Task requirements:
The lines from the top of the material through the line with "议价 日本拆件气拖板SMC16－10，数量三十多个，有意购者请下单 电子元器件市场" are to be set down exactly. Leave the pictures out.

Collected material:
--------------------
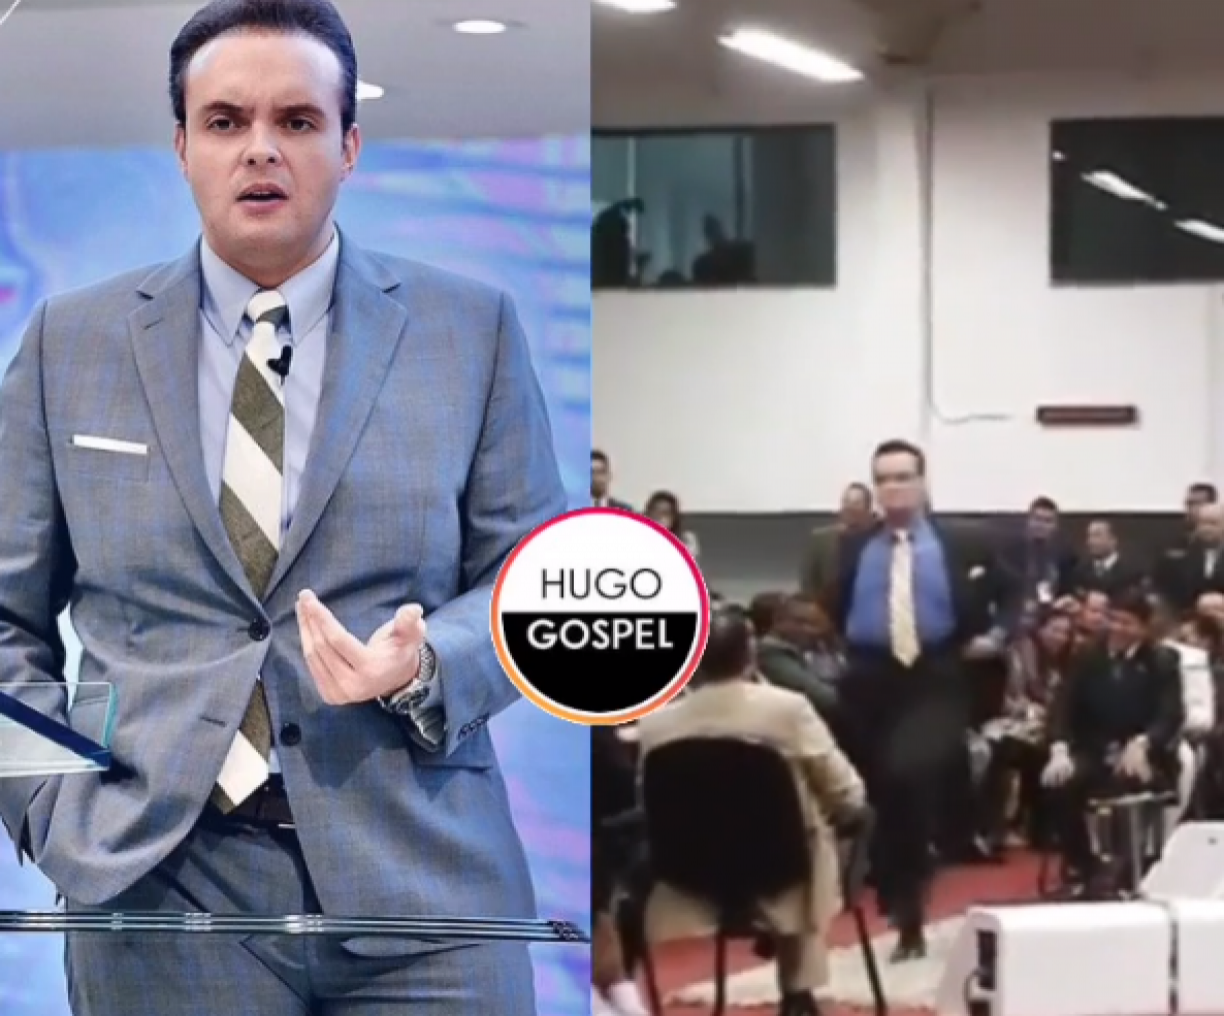 VÍDEO: Pastor Manoel Ferreira 'requebra' em cima de púlpito e
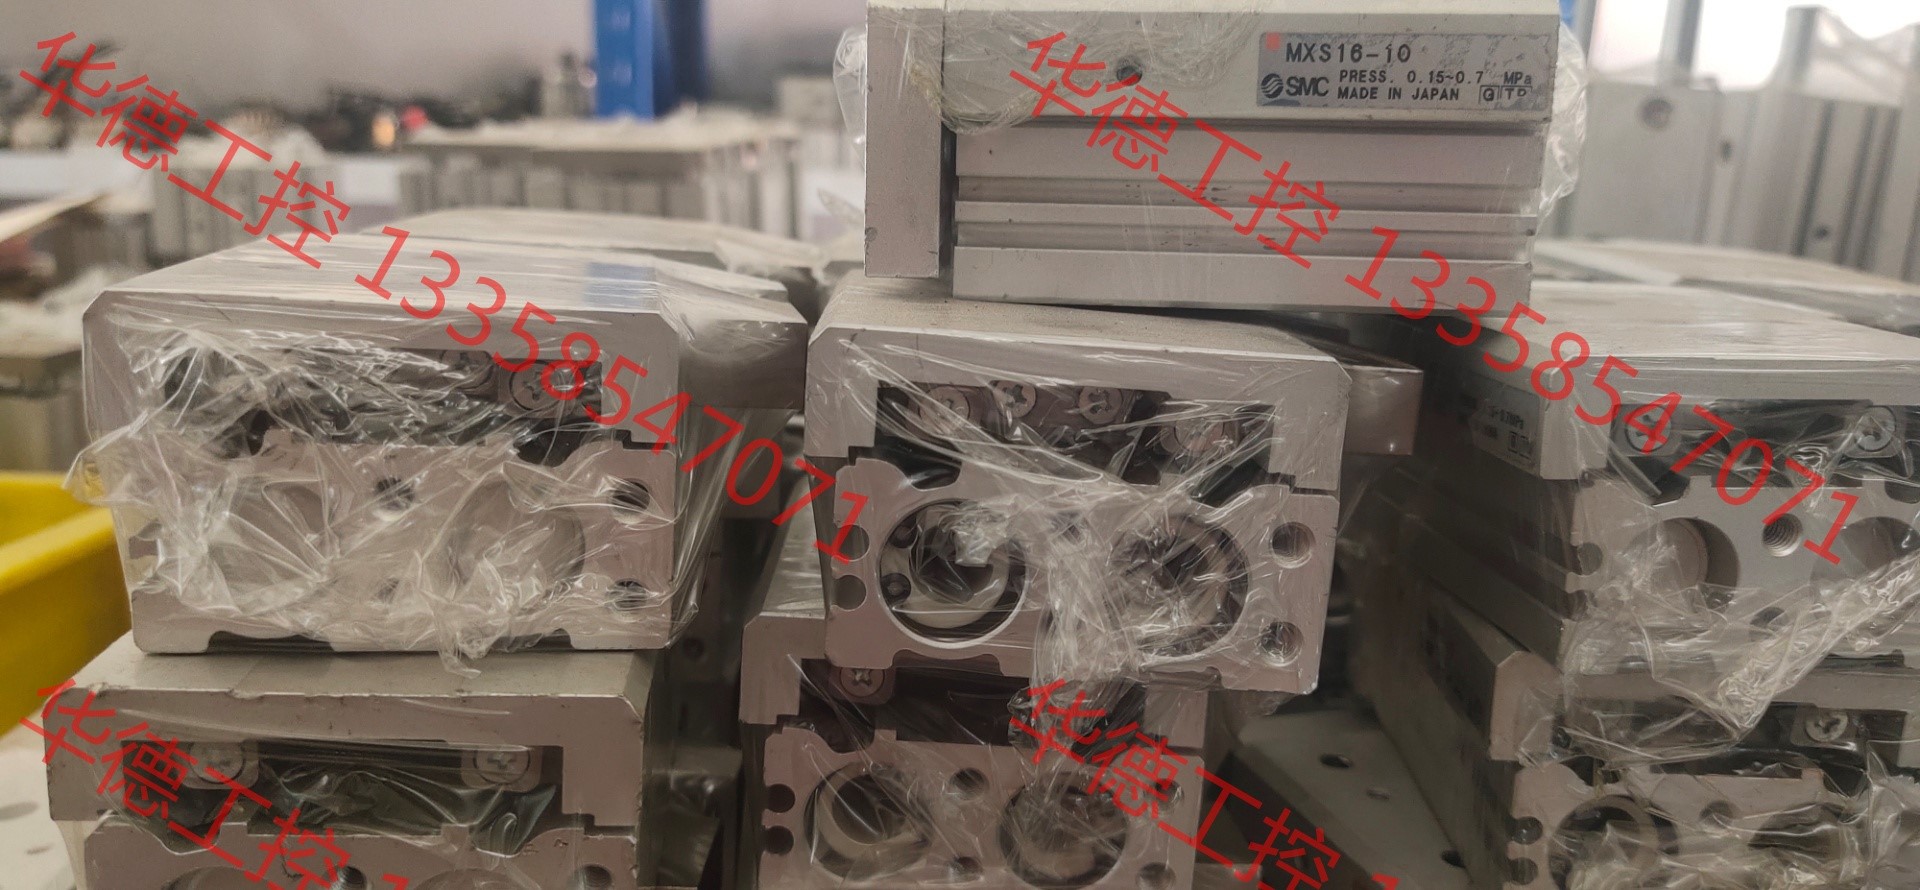 议价 日本拆件气拖板SMC16－10，数量三十多个，有意购者请下单 电子元器件市场 其它元器件 原图主图
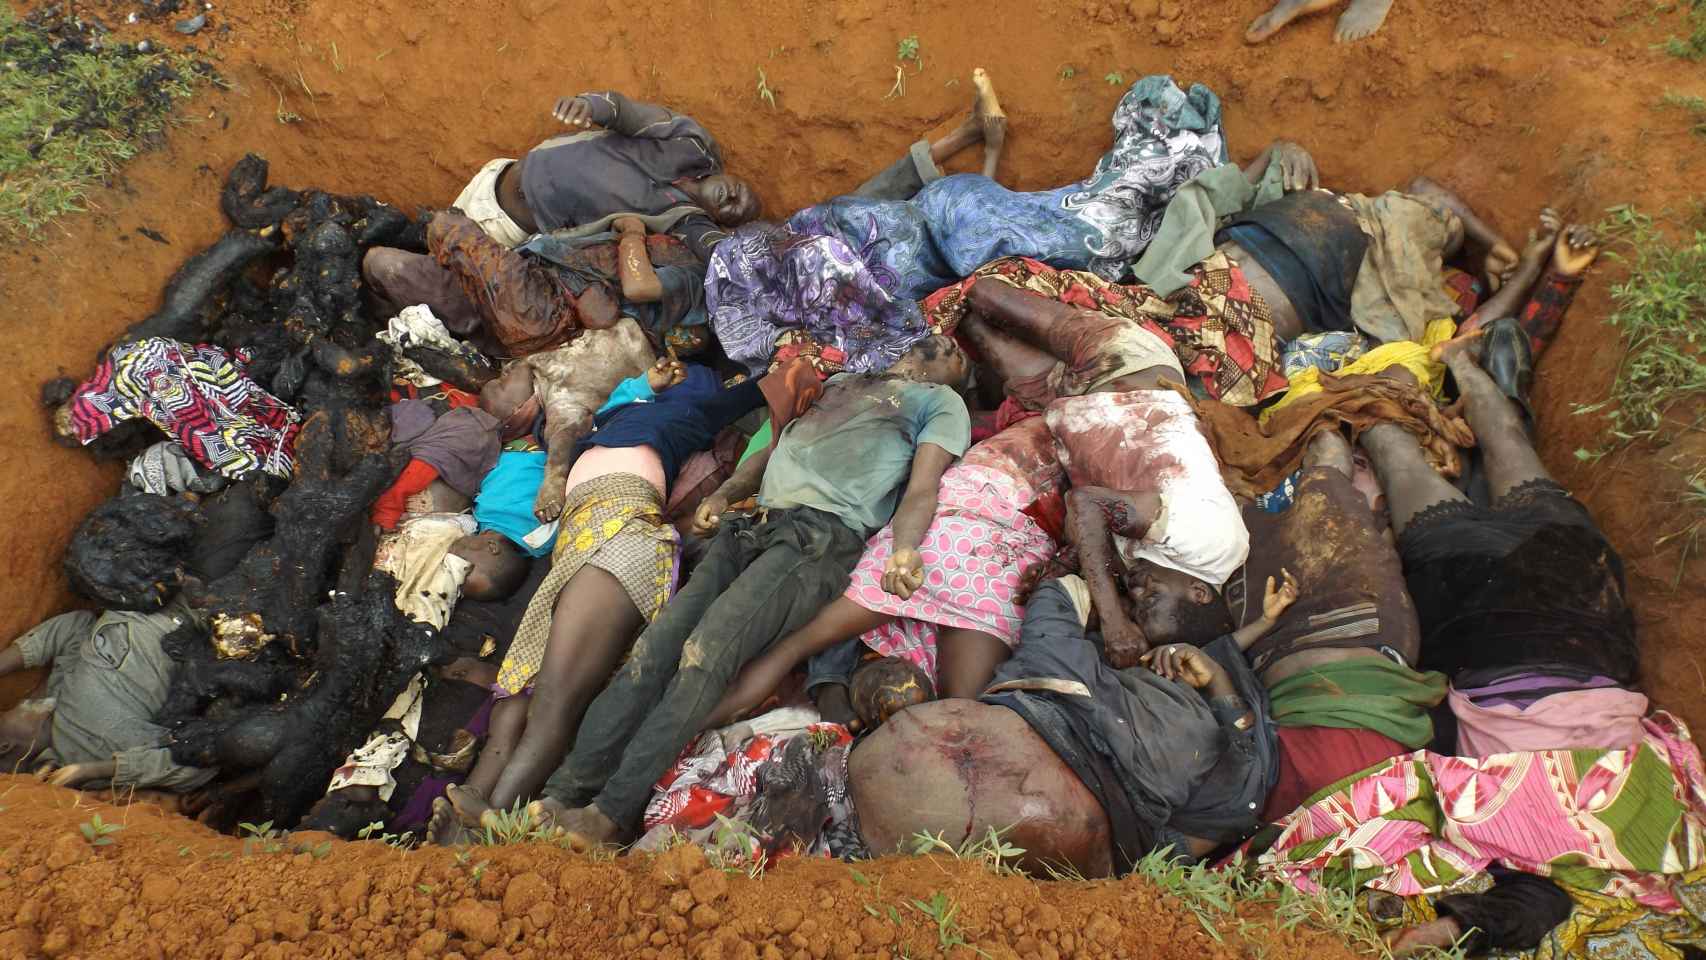 En sólo un mes más de 200 cristianos han sido asesinados en Nigeria por musulmanes - Página 5 Nigeria-Terrorismo-Genocidio-Boko_Haram-Mundo_449467338_139648665_1706x960
--------------------
Solution:
 VÍDEO: Pastor Manoel Ferreira 'requebra' em cima de púlpito e
 议价 日本拆件气拖板SMC16－10，数量三十多个，有意购者请下单 电子元器件市场 其它元器件 原图主图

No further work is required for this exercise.